Generamos hipótesis interminables sobre el avance tecnológico -las posibilidades y los riesgos que conlleva- pero el desarrollo espiritual es tratado como algo secundario por la mayoría de los autores. Esto es un error significativo, porque es el desarrollo espiritual y psicológico/emocional el que determinará en última instancia nuestra existencia. Estas son las claves de la verdadera evolución del ser humano: no meramente la evolución de un animal físico que utiliza métodos cada vez más avanzados para construir refugio y conseguir alimento, sino la evolución real de lo que es más precioso en nosotros.
¿Qué Evoluciona Realmente en el Ser Humano?
Existe una experiencia de vida que enriquece nuestra conciencia y hace nuestras mentes cada vez más ricas. Pero la experiencia sola no es toda la imagen.

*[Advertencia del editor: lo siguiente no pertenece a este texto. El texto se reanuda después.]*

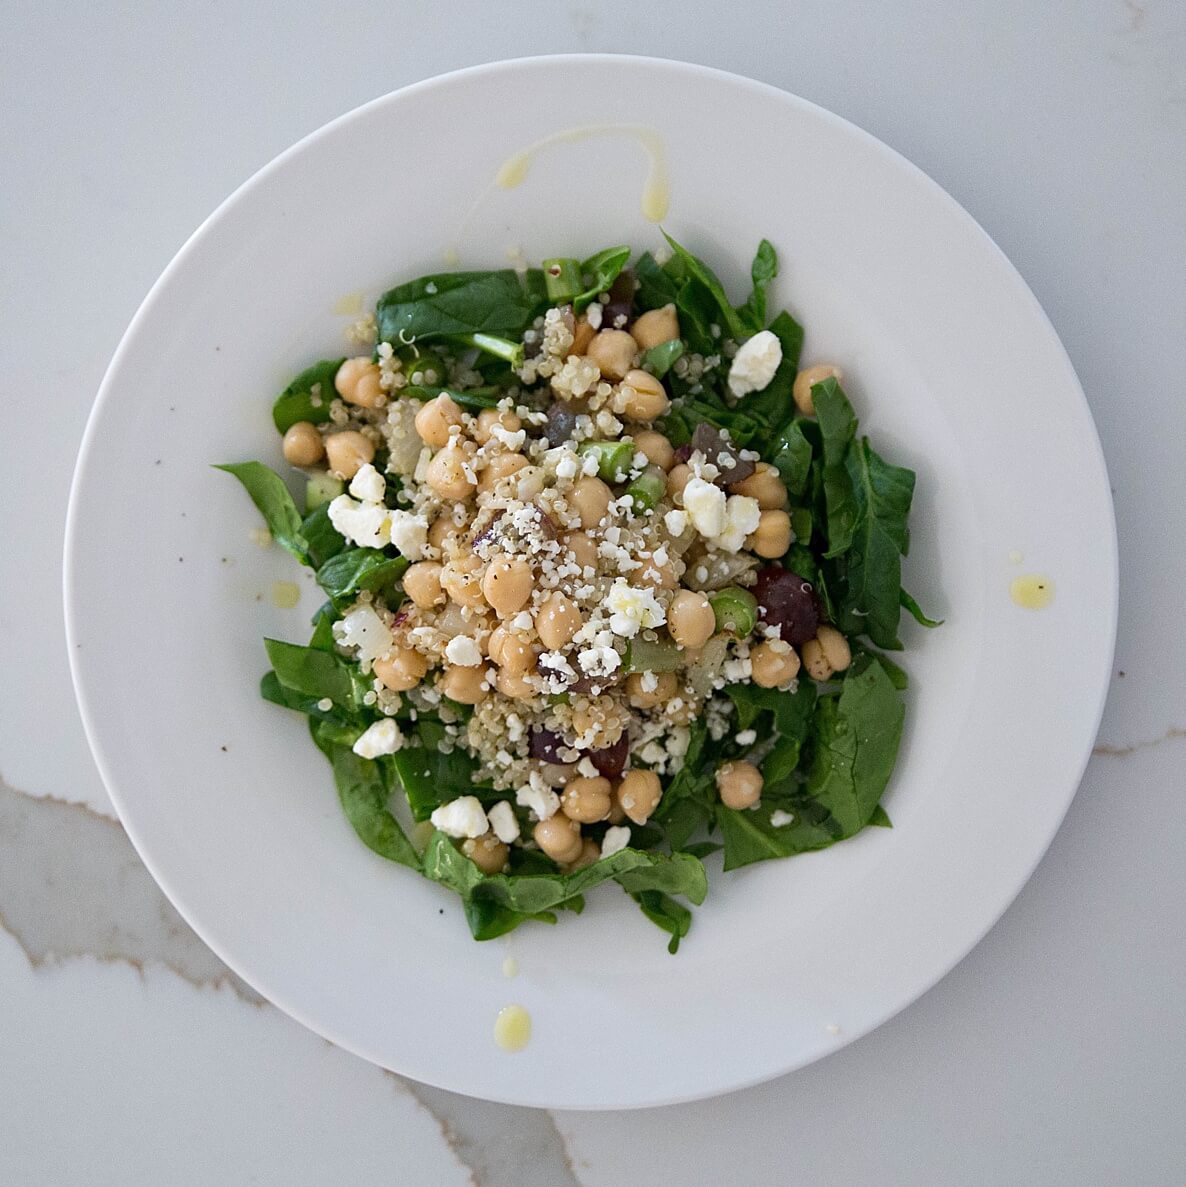 BTD MEAL PLAN WEEK 4BTD MEAL PLAN WEEK 4 - Spinach Quinoa & Chickpea Salad - Sweet & Savory Chicken Panini

Suscribo la visión de que existe una “supermente” -una que creó esta realidad y otras, dentro de la cual existe todo lo que percibimos con nuestros sentidos y captamos con nuestros pensamientos, nosotros incluidos. A esta mente se le llama comúnmente Dios.
Sostengo que el ser humano, a nivel interior -espiritual-, posee cualidades evolutivas sutiles pero cruciales: un reflejo microcósmico de las cualidades de esa supermente. En la práctica, esto se manifiesta como nuestra conexión profundamente arraigada -programada en nosotros en el momento de la creación- con las ideas y aspiraciones de esa supermente, de la que formamos parte.
Un ser humano que se explora a sí mismo a ese nivel interior -habiendo despojado las capas superficiales del ego y los instintos animales que en su momento sirvieron a la supervivencia de nuestros cuerpos físicos- puede descubrir su “esencia divina”. Comprender la propia naturaleza de esta manera proporciona una base para una vida con un propósito más profundo, decisiones más sabias y relaciones más auténticas.
Por Qué el Desarrollo Espiritual Determina el Futuro
No es la tecnología lo que decidirá si la humanidad florece o declina. Es el nivel de conciencia de las personas que crean y usan esa tecnología. Una herramienta avanzada en manos de alguien impulsado por el miedo y el ego amplifica el miedo y el ego. La misma herramienta en manos de alguien con sabiduría y compasión genuinas puede construir un mundo diferente.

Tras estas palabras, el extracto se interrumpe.